Note: Reading these lecture notes is not a substitute for watching the lecture. I frequently go off script, and you are responsible for understanding everything I talk about in lecture unless I specify otherwise.

A software view of hard drives

Just like RAM, hard drives provide us with some contiguous space that we can store information in. Information in RAM is byte-addressable: even if you’re only trying to store a boolean (1 bit), you need to read an entire byte (8 bits) to retrieve that boolean from memory, and if you want to flip the boolean, you need to write the entire byte back to memory. A similar concept exists in the world of hard drives. Hard drives are divided into sectors (often 512 bytes large), and are sector-addressable: you must read or write entire 512-byte sectors, even if you’re only interested in 32 bytes of information within a sector.

Sidenote: sectors are most commonly 512 bytes large, but this can vary. The size is determined by the physical hard drive (so it’s possible to have a computer with several hard drives, each using a different sector size).

Conceptually, a hard drive divided into sectors might look like this:

This is what the hardware presents us with, and this small amount is all you really need to know in order to start designing basic filesystems. As filesystem designers, we need to figure out a way to take this primitive system and use it to store a user’s files.

Note: throughout the rest of the course, you may hear me use the term “block” instead of “sector.” Sectors are the physical base units on the hard drive, but the operating system might elect to do all its filesystem operations in terms of blocks (which are each comprised of several sectors). If an operating system chooses a block size of 1024 (spanning two 512-byte sectors), then when it accesses or modifies the filesystem, it will only read/write from the disk in 1024-byte chunks (despite the fact that the disk is capable of operating in 512-byte chunks). This has performance benefits which we won’t talk about (take CS 140 if you’re interested!). In this class, “blocks” and “sectors” are interchangeable.

Unix V6 filesystem concepts

Note: if you can, you should really watch this part of lecture, as I talk through the motivating factors that drove this design.

This diagram shows the basic design of the Unix V6 filesystem. There is a lot to unpack, so I will explain below:

General layout

At the beginning of the disk, a series of blocks is reserved for filesystem metadata. Metadata includes information such as the number of free blocks available, information for figuring out which files are stored where, etc. (Incidentally, this is the reason that when you buy a new 16GB flash drive and plug it into your computer, your computer reports that it has less than 16GB of free space.) The remaining blocks are used to store actual file contents. (The diagram is a little misleading; the portion used to store file contents is far larger than the portion used to store metadata.)

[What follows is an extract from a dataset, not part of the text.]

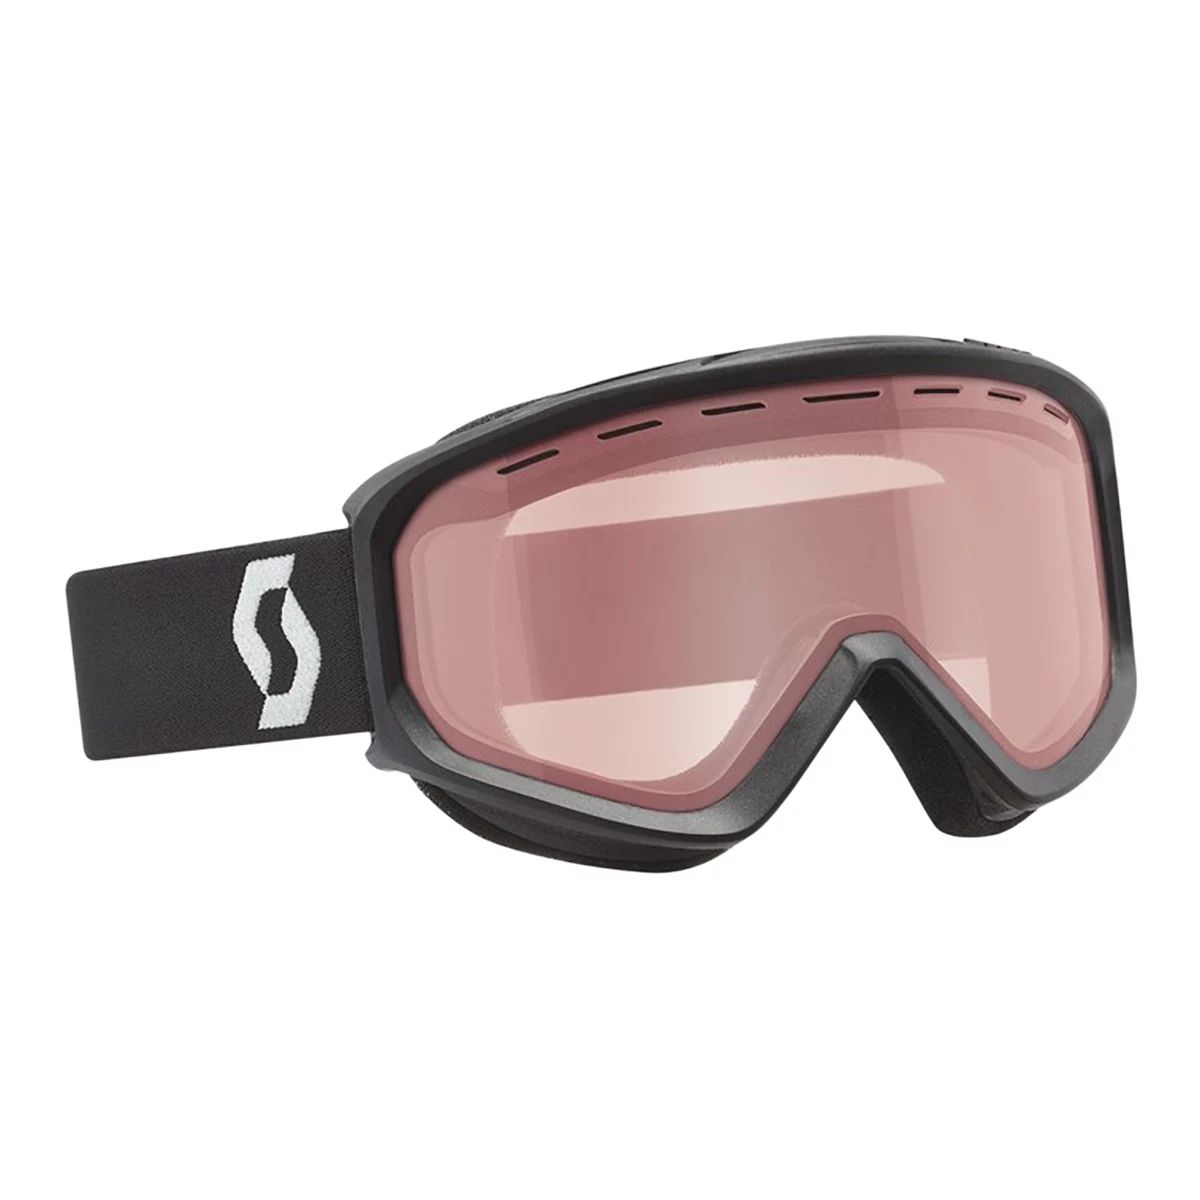 Scott Factor II Ski & Snowboard Goggles 2017/18 - Black

Files are split into block-sized chunks (i.e. usually 512-byte chunks) when they are stored. If a file doesn’t fit evenly in 512-byte chunks, then oh well, we waste some space. (This is the case with the blue file in the diagram. Its filesize is only 32 bytes, yet an entire 512-byte block is dedicated to storing it.)

Inodes

Somehow, we need to keep track of which blocks are being used to store the pieces of a file. (Blocks 1025, 1027, and 1028 contain the file contents for the same file, but if I hadn’t color-coded the diagram, you wouldn’t have known that.) This is the purpose of inodes. Inodes (“information nodes” – fancy term for a thing storing bookkeeping info) are 32-byte (or sometimes 64-byte) structures that store information about files on disk. As you will see in assignment 1, lots of different info is included in an inode, such as the owner of the file, permissions information (is anyone on the machine allowed to edit this?), the time the file was last modified, and more. Additionally, most relevant to this discussion, it stores the file size, file type (regular file or directory – more on that in a moment), and an array of block numbers identifying the blocks storing this file’s contents.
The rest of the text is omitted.